If we stay with the default and click \textit{Continue}, it will take
a while for the procedure to finish because there are quite a few files
to be downloaded from the source. SAGE library files downloaded will
have an extension ".sage". If you do not want to wait, you may
skip this procedure as we have two sample SAGE data files stored in
the temp directory (with an extension ".test") for you to use for now.

When we have SAGE libraries (downloaded or created) stored in a local
directory, we can invoke \textit{Integrate SAGE} to integrate the data
and write them to database tables. Clicking \textit{Integrate SAGE} invokes
another widget (Figure 5) that taks inputs for 4 arguments. The input
for \textit{Library} can be a file name or the name for a directory
containing SAGE library data files. The radio buttons for
\textit{Directory} have to be set to TRUE if \textit{Library} is the
name for a directory or FALSE for a file. The value for \textit{Skip}
determines how many rows to skip from the top of each of the SAGE
library data files when the \Rfunction{SAGElyzer} reads data from
files and that for \textit{Pattern} tells \Rfunction{SAGElyzer} only
to process data files with certain extension or pattens that match the
one defined by a user.

\begin{figure}[htb]
   \begin{center}
     \includegraphics{SLyzer6}
     \caption{A snapshot of the widget when the
       \textit{Integrate SAGE} button in \textit{Procedures} was clicked}
     \label{Figure 5}
   \end{center}
\end{figure}

In our example, we have saved the downloaded (or stored) SAGE library
data from \textit{GEO} to the library defined by the defulat value for
\textit{Library}. As SAGE library data from \textit{GEO} have no
headers, we set the value for \textit{Skip} to 0 and set
\textit{Directory} to TRUE. If you have downloaded SAGE library files
from \textit{GEO} and willing to wait, you stay with the default value
for \textit{Pattern} and click \textit{Continue}. Otherwise, change
the value for \textit{Pattern} from ".sage" to ".test" to only process
the two test sample files and click \textit{Continue}. the system will
integrate the data and write them to the database. Again, it will take a while
for the procedure to finish if you choose to process data files
downloaded from \textit{GEO}. The status bar at the bottom of the main
\Rfunction{SAGElyzer} widget wil have something reads "Running
procedure 'XXX'. Please wait." when any of the procedures is running.

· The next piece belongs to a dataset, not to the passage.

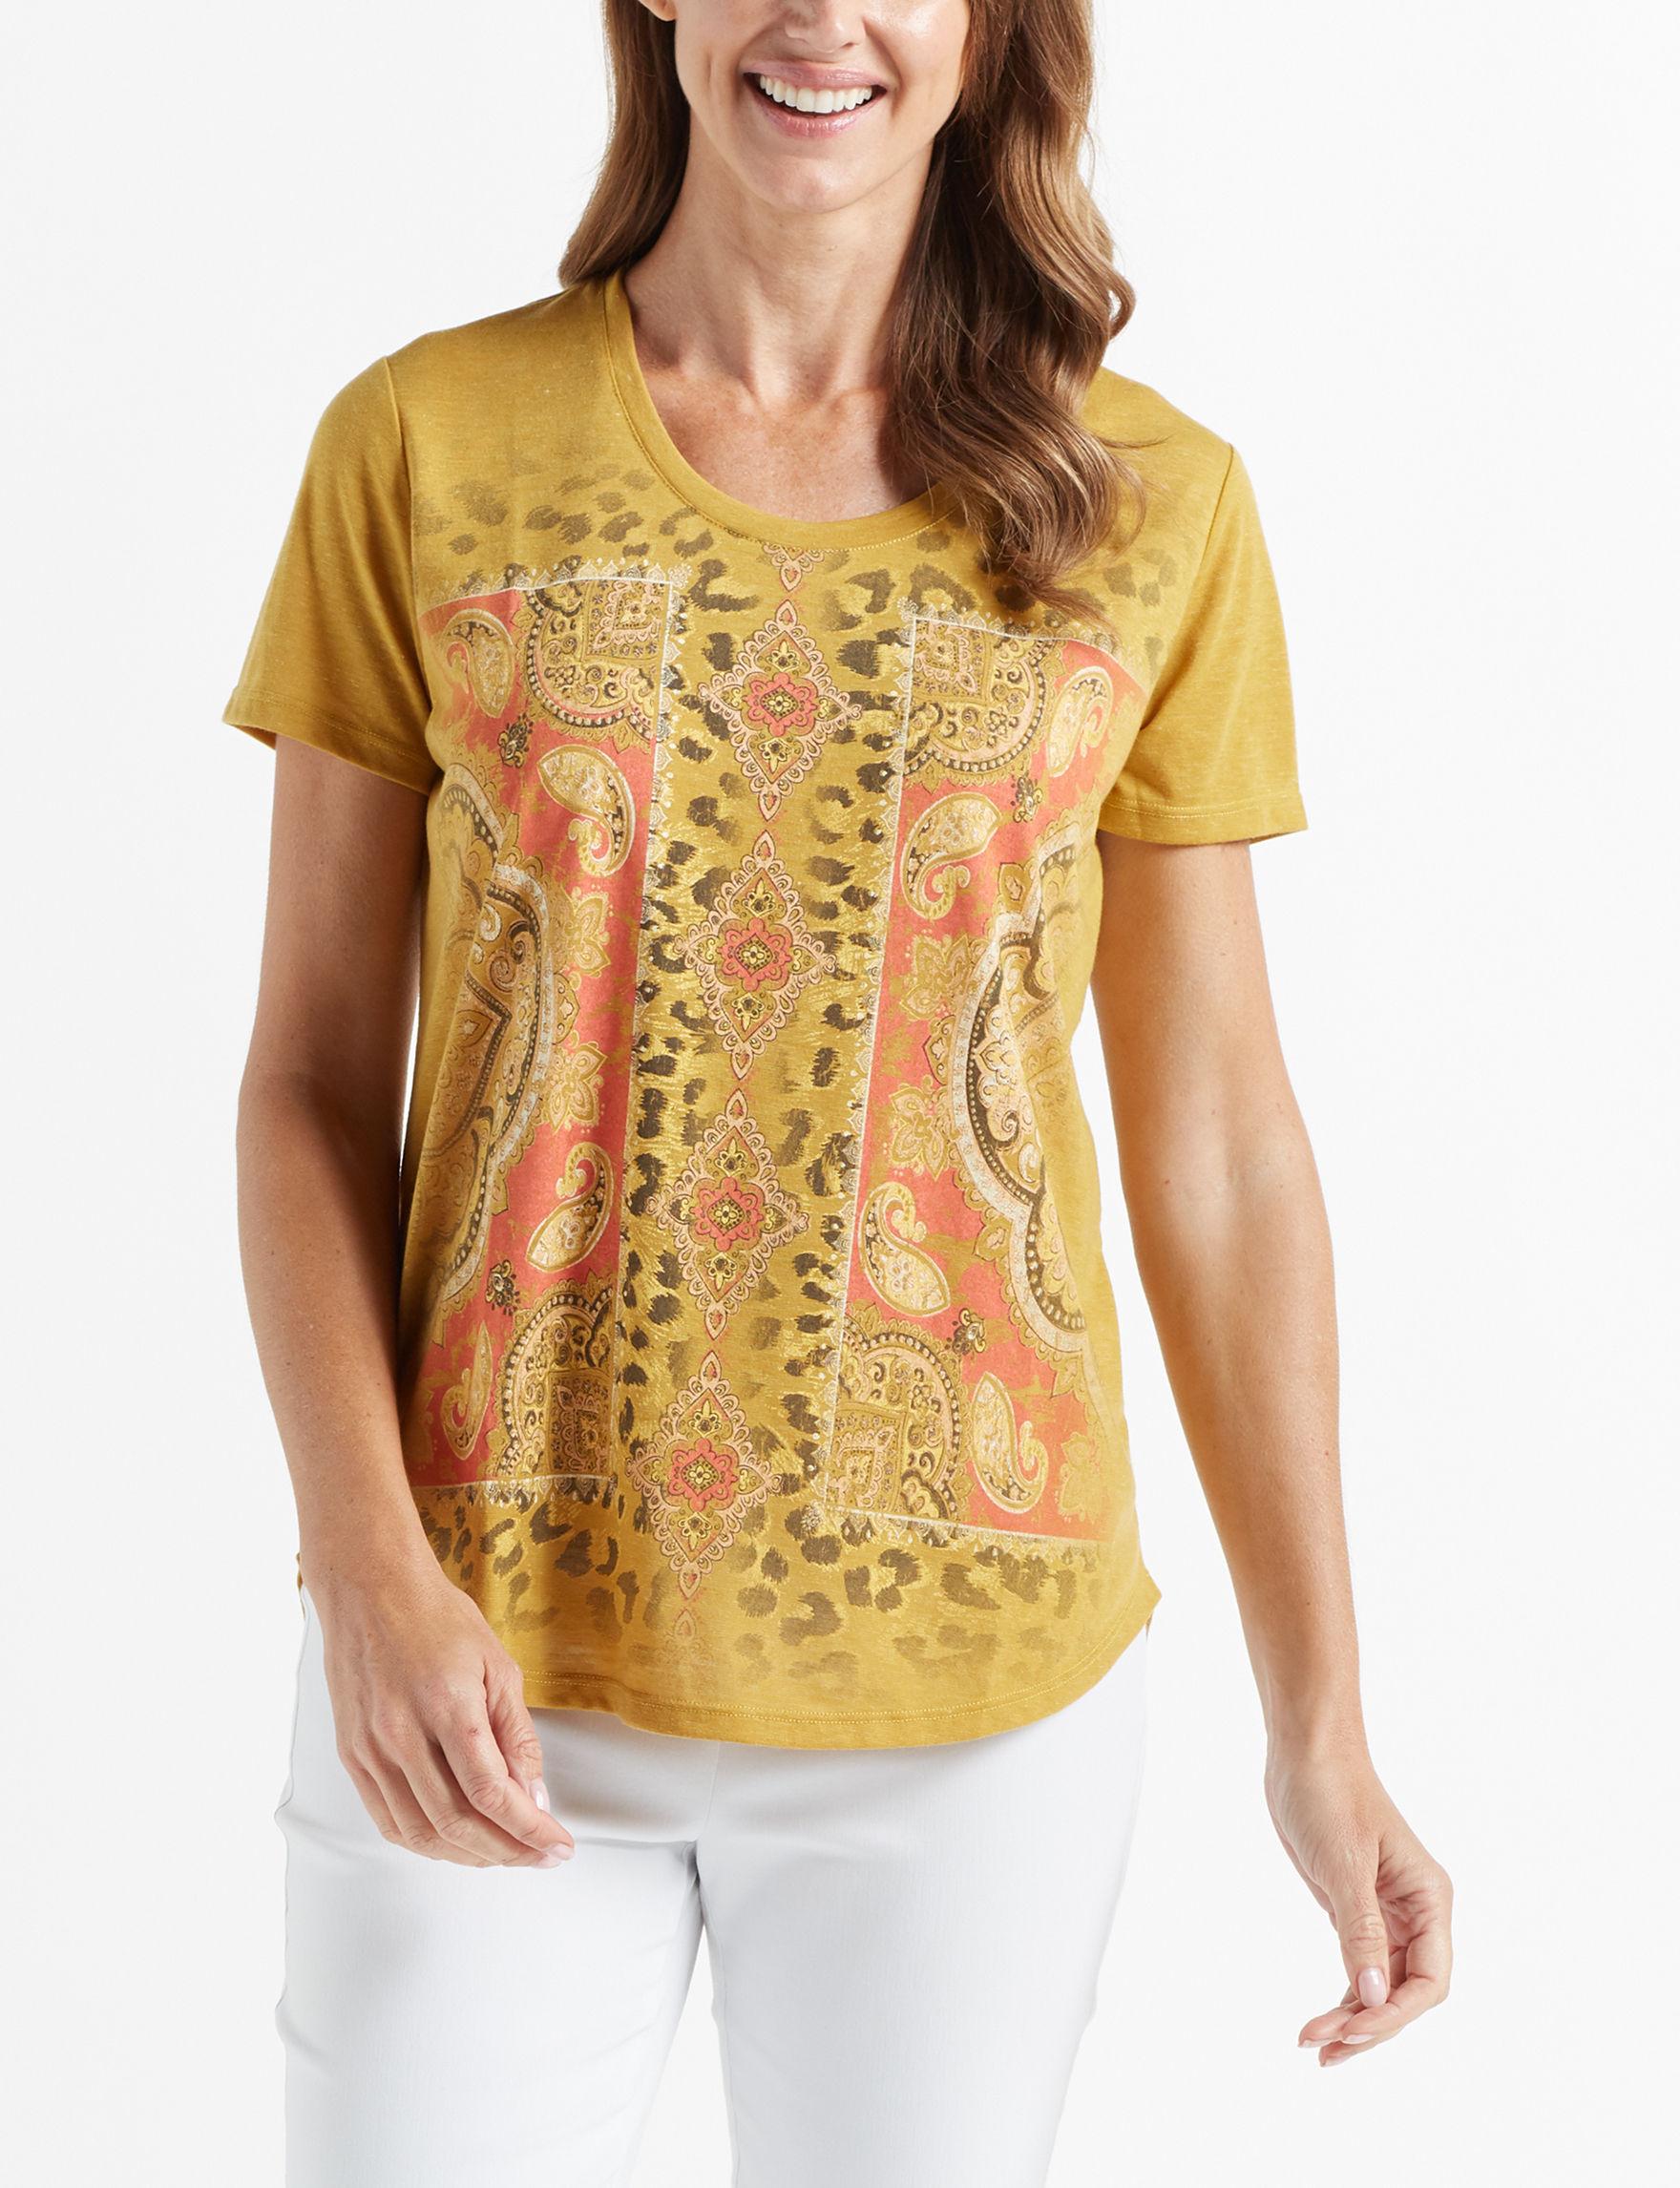 Mic & Jax Amber Shirts & Blouses

\textit{Integrate SAGE} requires that all the data files to be
processed should be stored in the same directory, either with or
without a header, and have the same pattern for their names. These
usually may not be a problem when only SAGE data that are downloaded
from \textit{GEO} will be used. If both dowloaded and local data will
be used, efforts have to be made to satisfy the requirements before
integrating the data.

Now, we have the SAGE libraries downloaded from \textit{GEO} written
to the database. Another thing we need to do is to get the mappings
from SAGE tags to UniGene ids. If we click \textit{Map SAGE}, we will
be prompted by another widget (Figure 6) for three arguments. \textit{DB
  Table Name} is for the name of the database table where the mappings
will be stored. \textit{Map} indicates whether the mapping are from
SAGE tag to UniGene ids or UniGene id to SAGE tag. \textit{Source URL}
is the URL for the source file (SAGEmap\_tag\_ug-rel.zip) containing
mappings between SAGE tags and UniGene ids. In our example, we stay
with the defaults and click \textit{Continue}. The procedure will
finish after a while.

\begin{figure}[htb]
   \begin{center}
     \includegraphics{SLyzer7}
     \caption{A snapshot of the widget when the
       \textit{Map SAGE} button in \textit{Procedures} was clicked}
     \label{Figure 6}
   \end{center}
\end{figure}

Task \textit{Manage Data} only needs to be performed when
\Rfunction{SAGElyzer} is first installed or the existing database
tables need to be updated. The database tables created will be available for
later use any time when \Rfunction{SAGElyzer} is loaded thereafter.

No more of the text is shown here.